COLLECTED MATERIAL: Begin

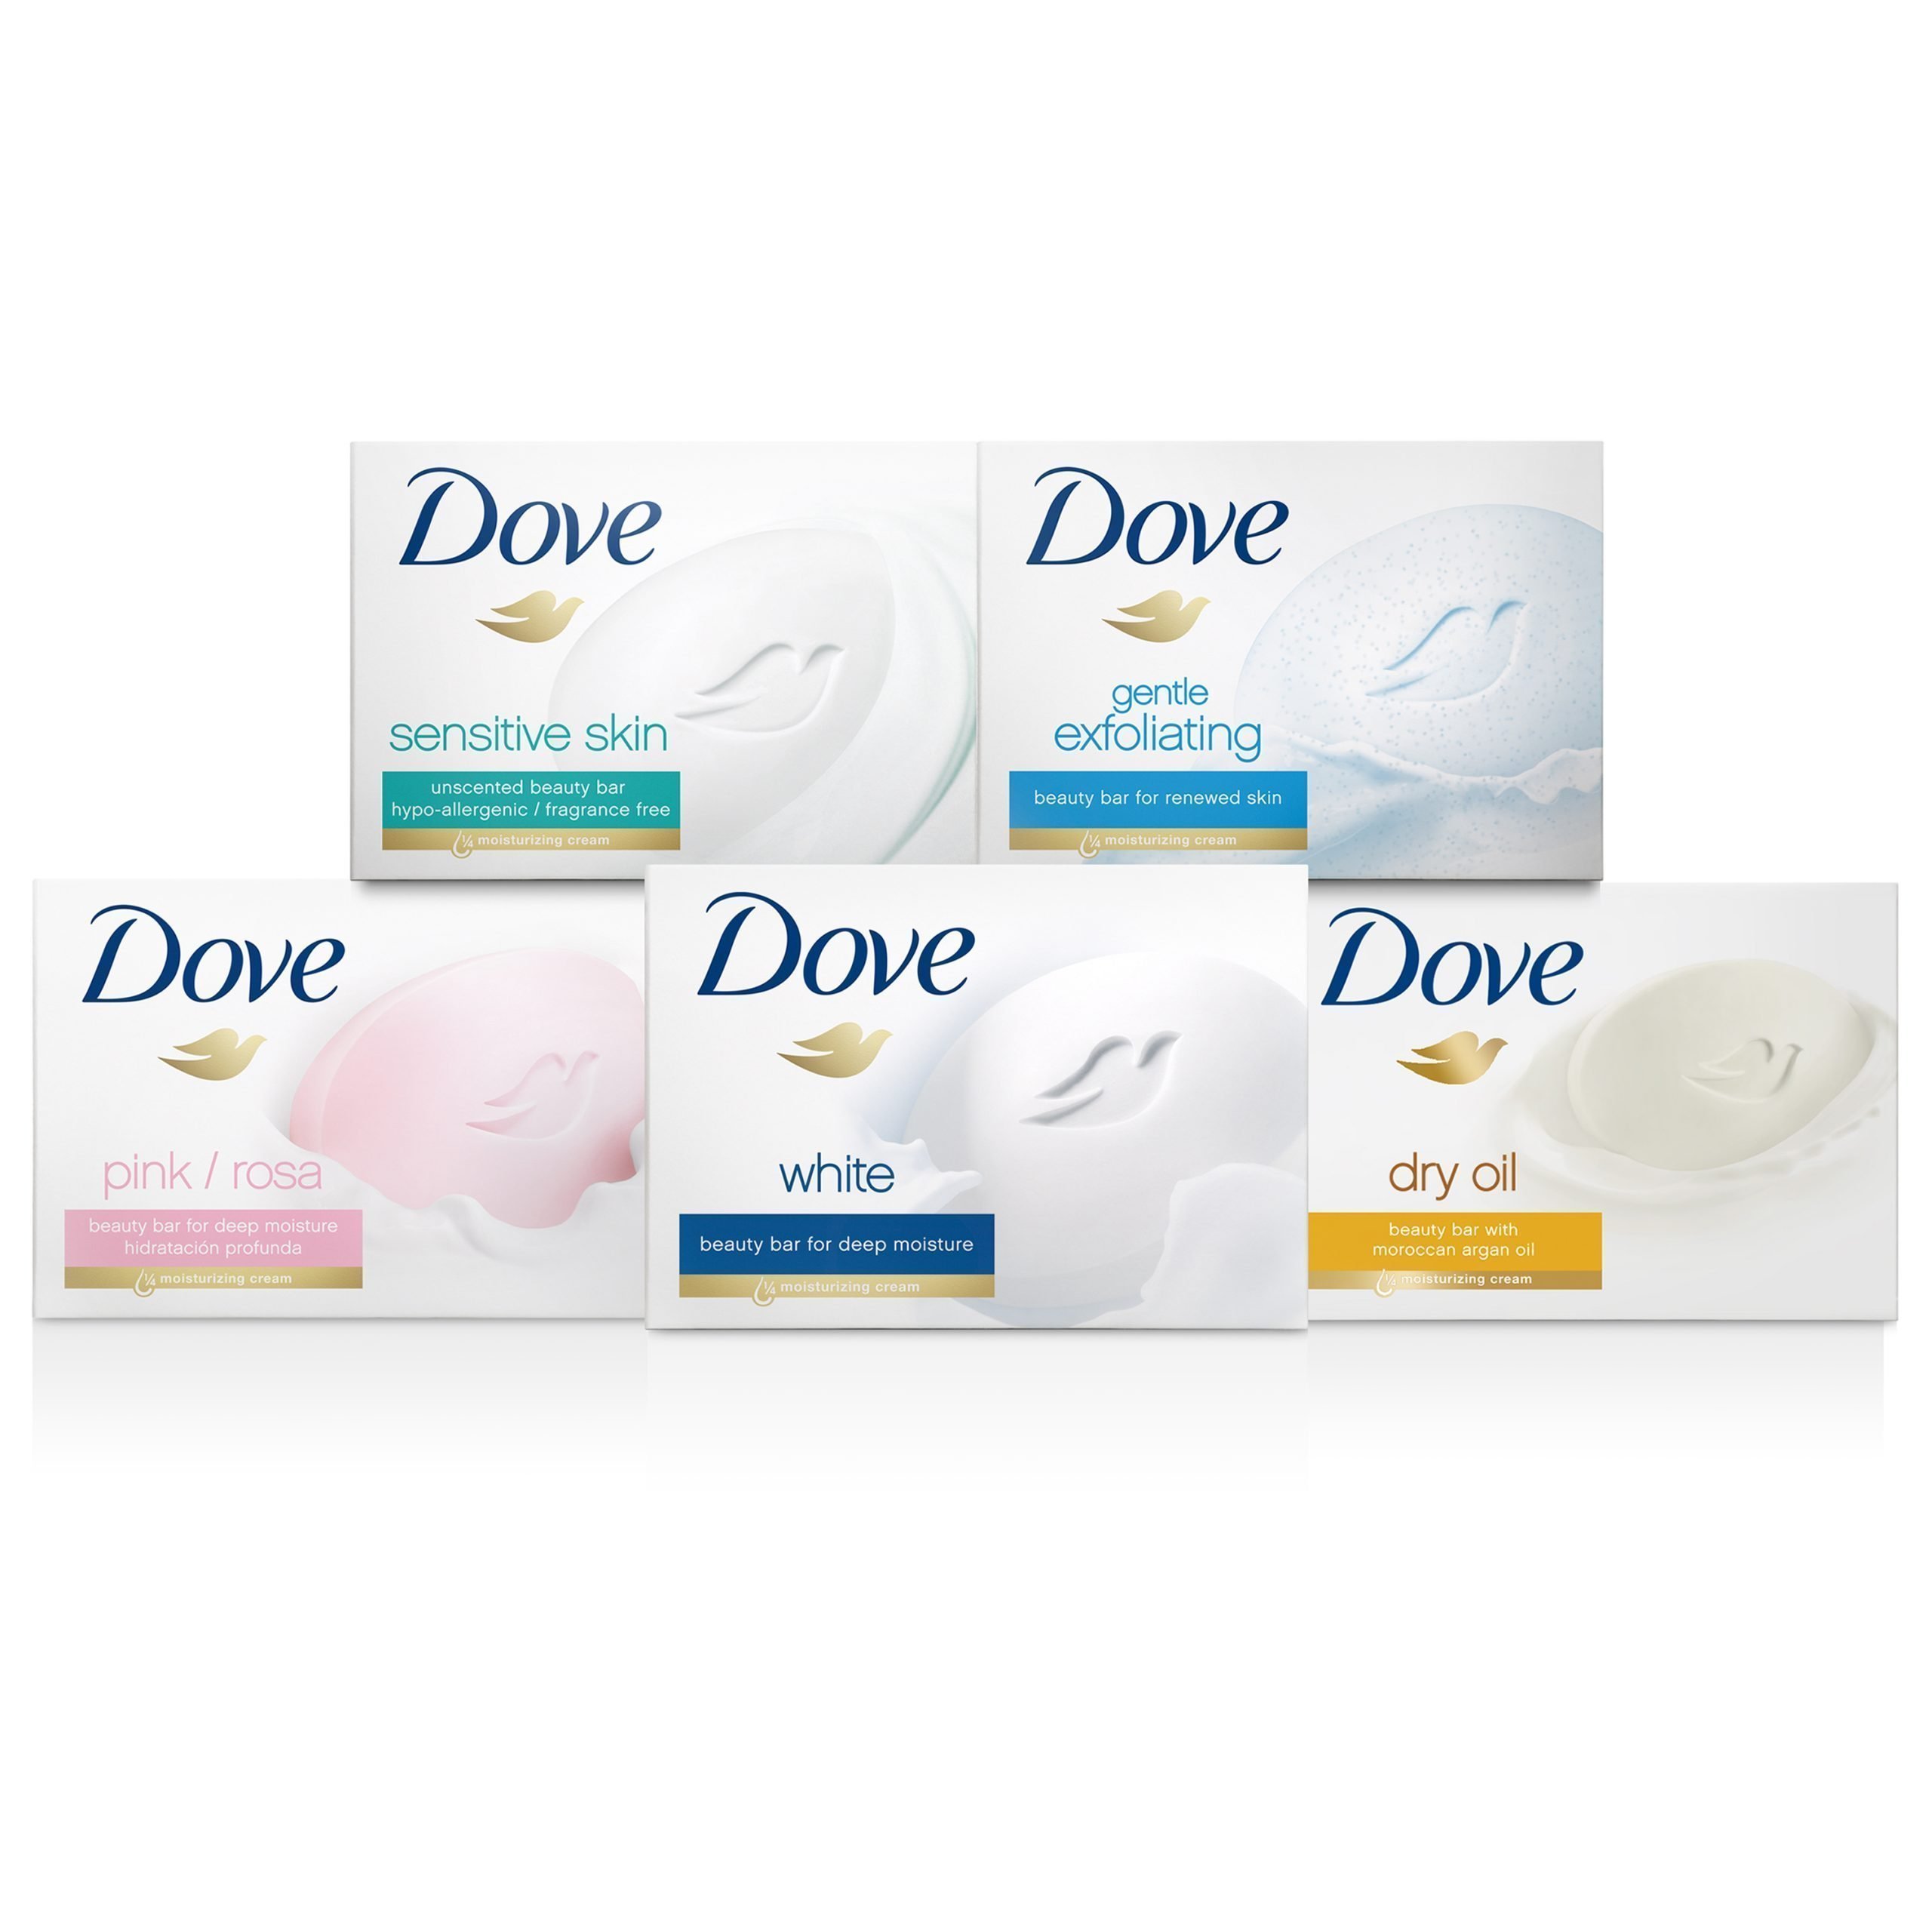 Туалетная мыло дав. Мыло dove Beauty Cream Bar Deep Moisture. Dove sensitive Skin Beauty Bar. Dove Beauty Cream Bar мыло туалетное для питания и увлажнения 135гр. Dove sensitive Skin мыло.
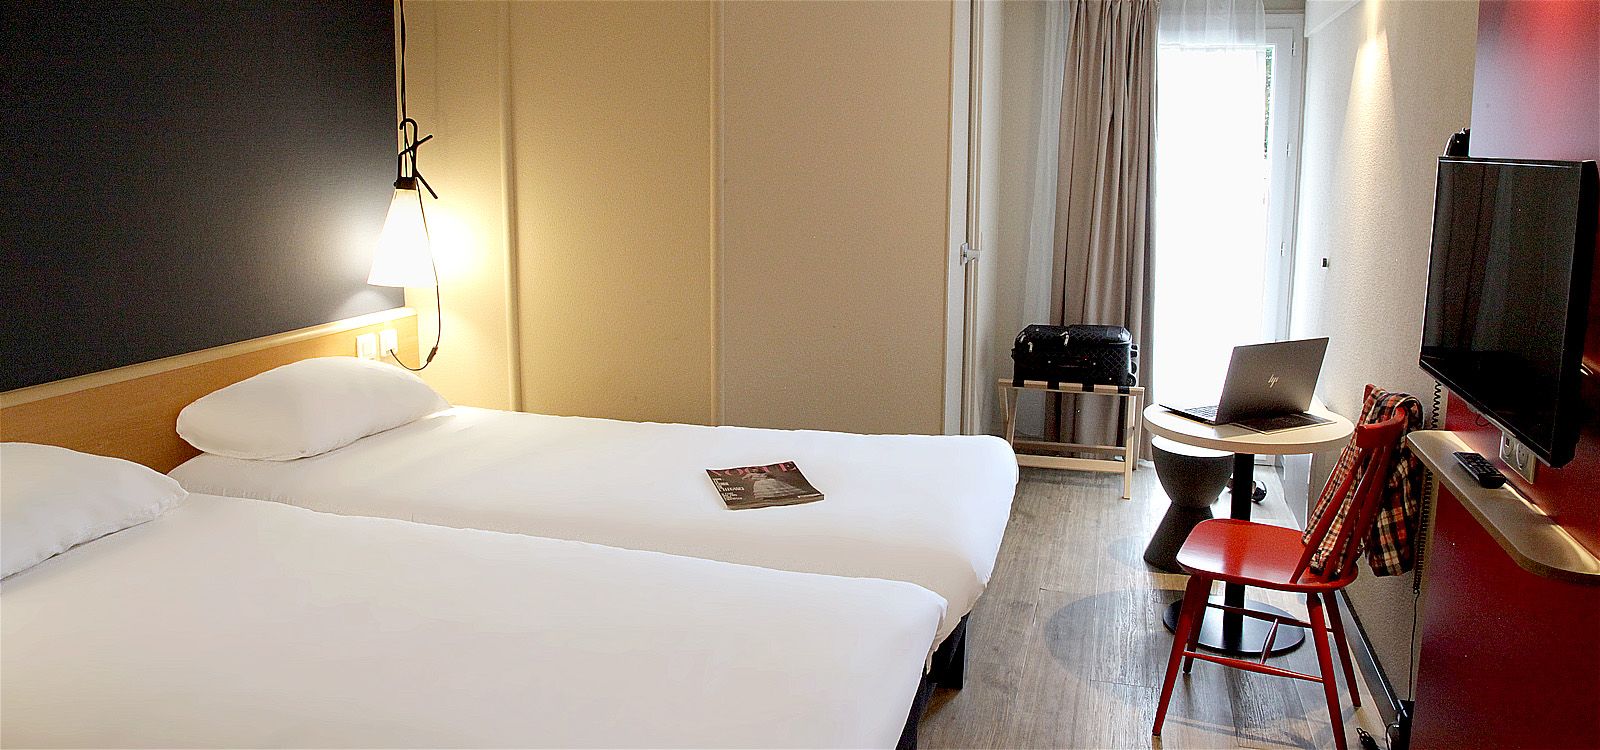 Chambre twin hôtel Ibis Brest avec 2 lits simples
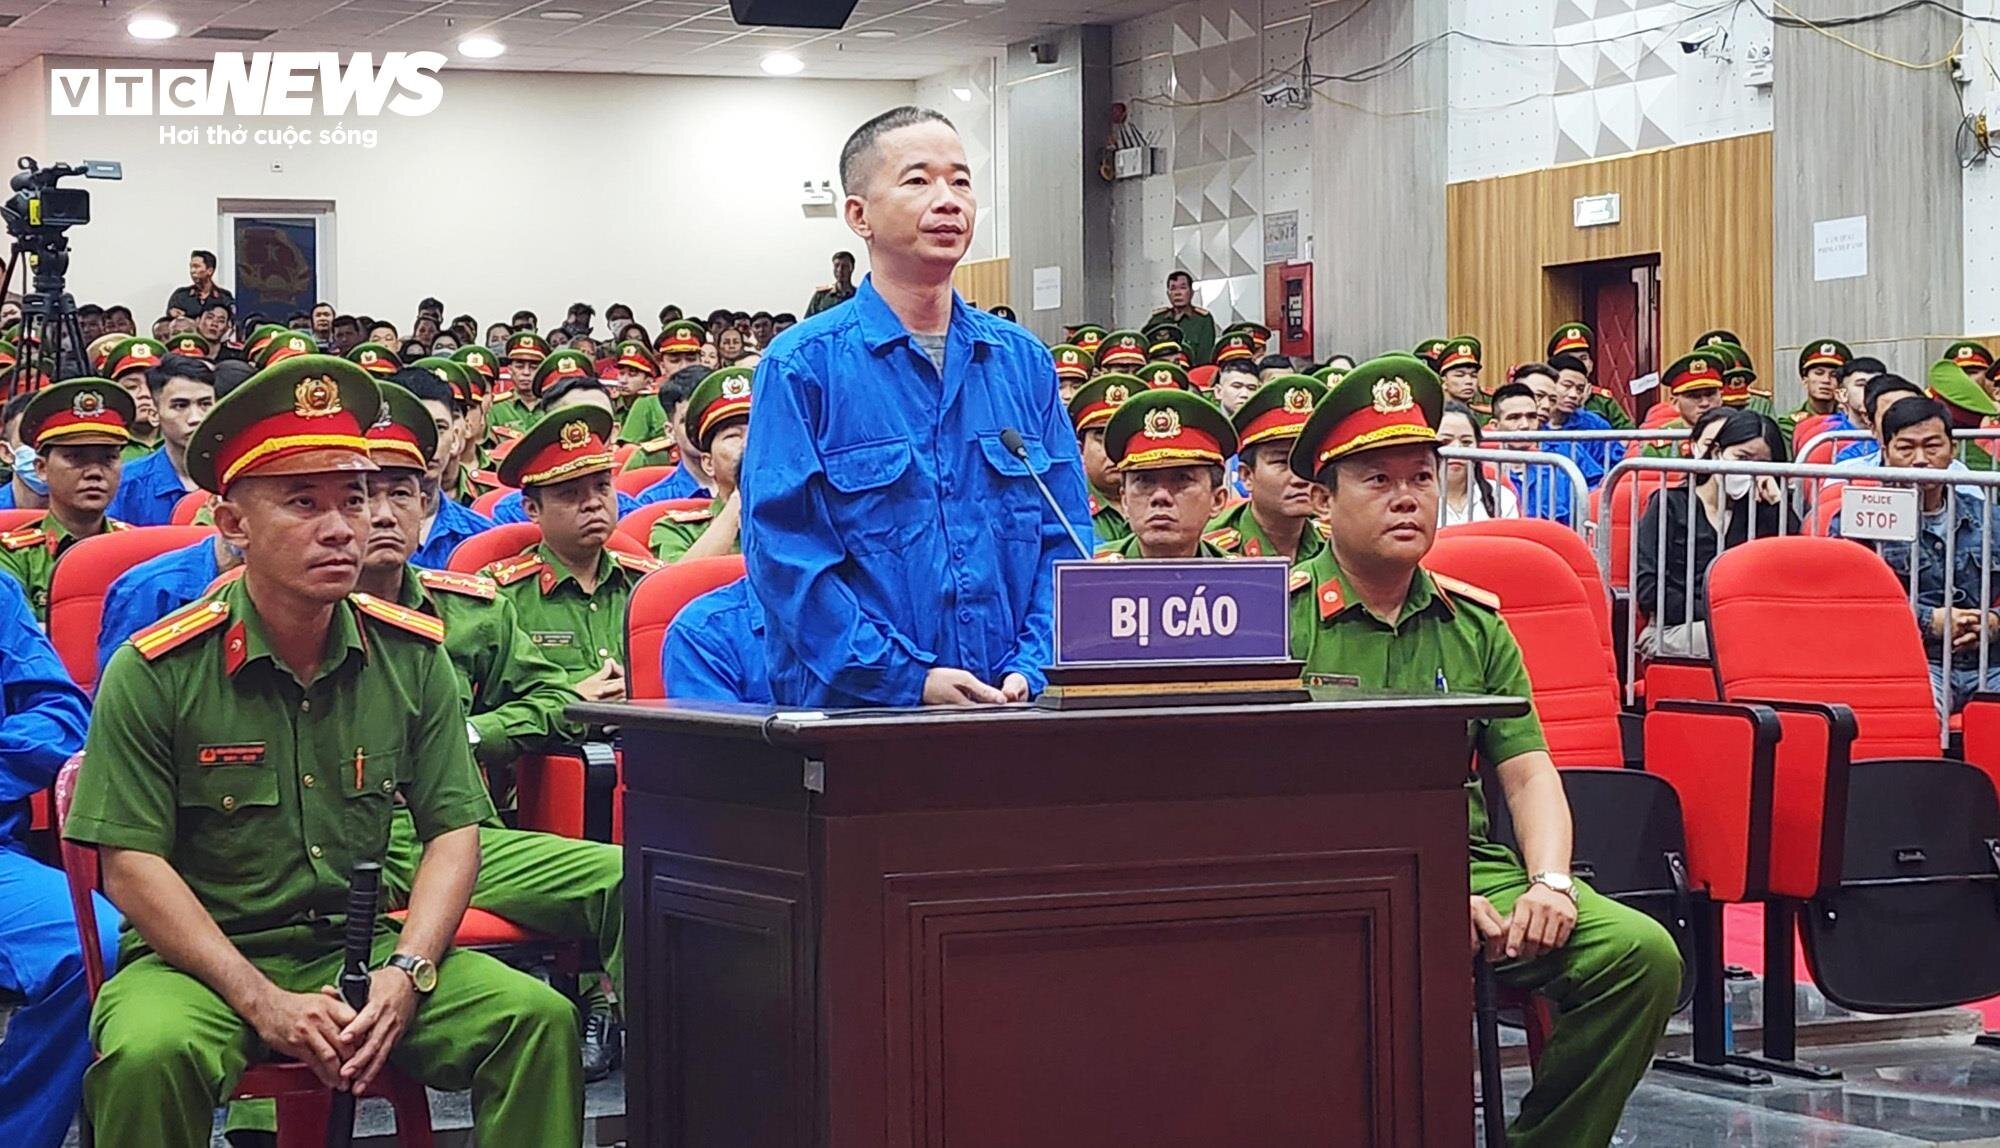 Bị cáo Nguyễn Văn Thái (Thái Bus) tại phiên toà.
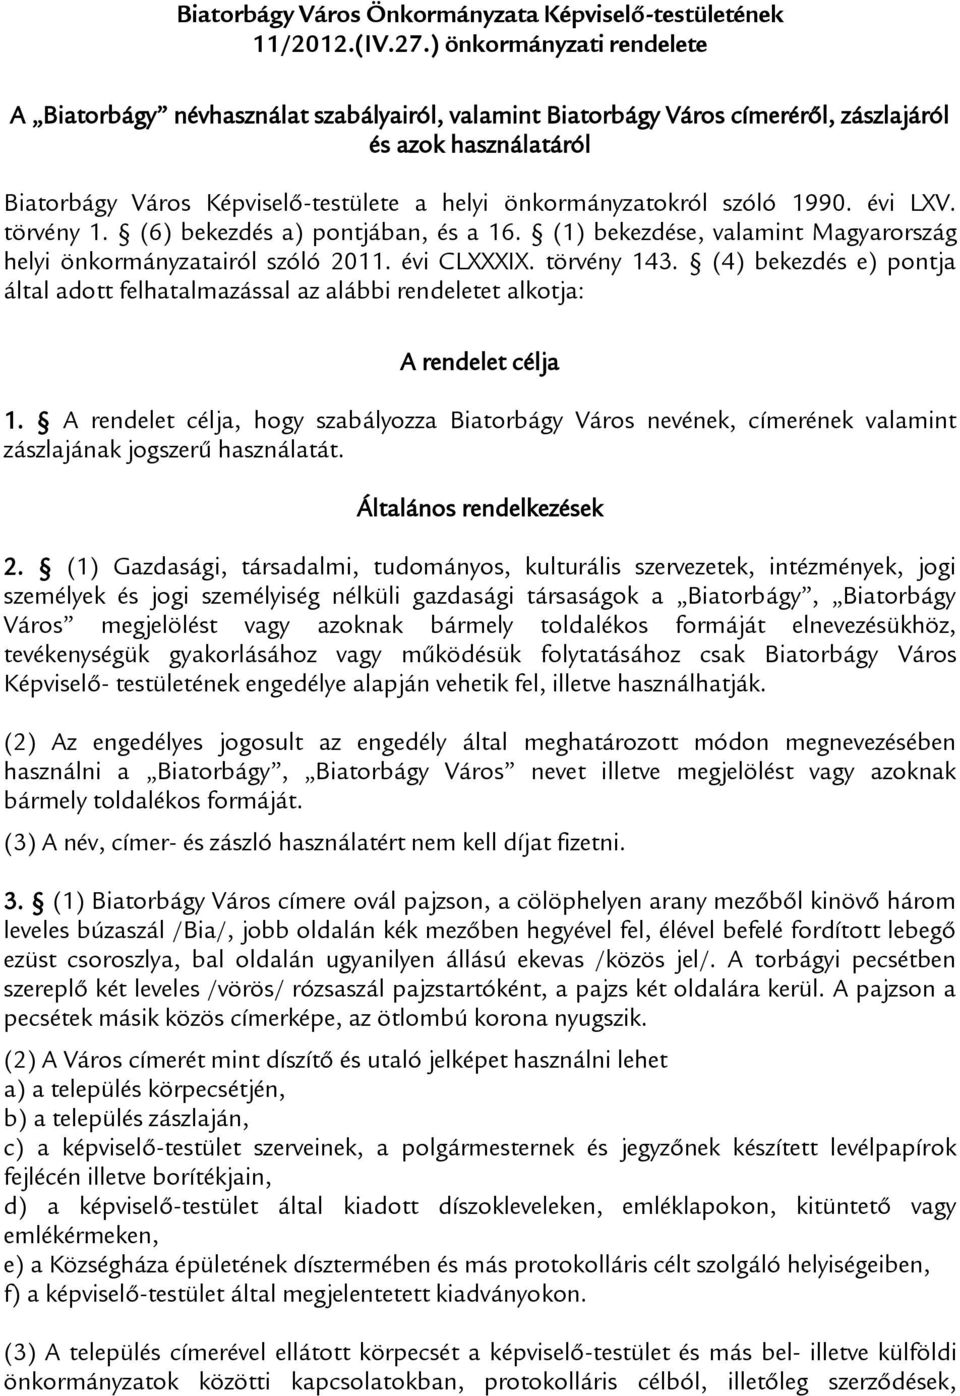 szóló 1990. évi LXV. törvény 1. (6) bekezdés a) pontjában, és a 16. (1) bekezdése, valamint Magyarország helyi önkormányzatairól szóló 2011. évi CLXXXIX. törvény 143.

COLLECTED MATERIAL: End

** WHAT TO PRODUCE **
Every line of the listing above is to be retyped exactly, but the pictures are to be dropped.

** YOUR RESPONSE **
 Туалетная мыло дав. Мыло dove Beauty Cream Bar Deep Moisture. Dove sensitive Skin Beauty Bar. Dove Beauty Cream Bar мыло туалетное для питания и увлажнения 135гр. Dove sensitive Skin мыло.
 Chambre twin hôtel Ibis Brest avec 2 lits simples
 Bị cáo Nguyễn Văn Thái (Thái Bus) tại phiên toà.
 szóló 1990. évi LXV. törvény 1. (6) bekezdés a) pontjában, és a 16. (1) bekezdése, valamint Magyarország helyi önkormányzatairól szóló 2011. évi CLXXXIX. törvény 143.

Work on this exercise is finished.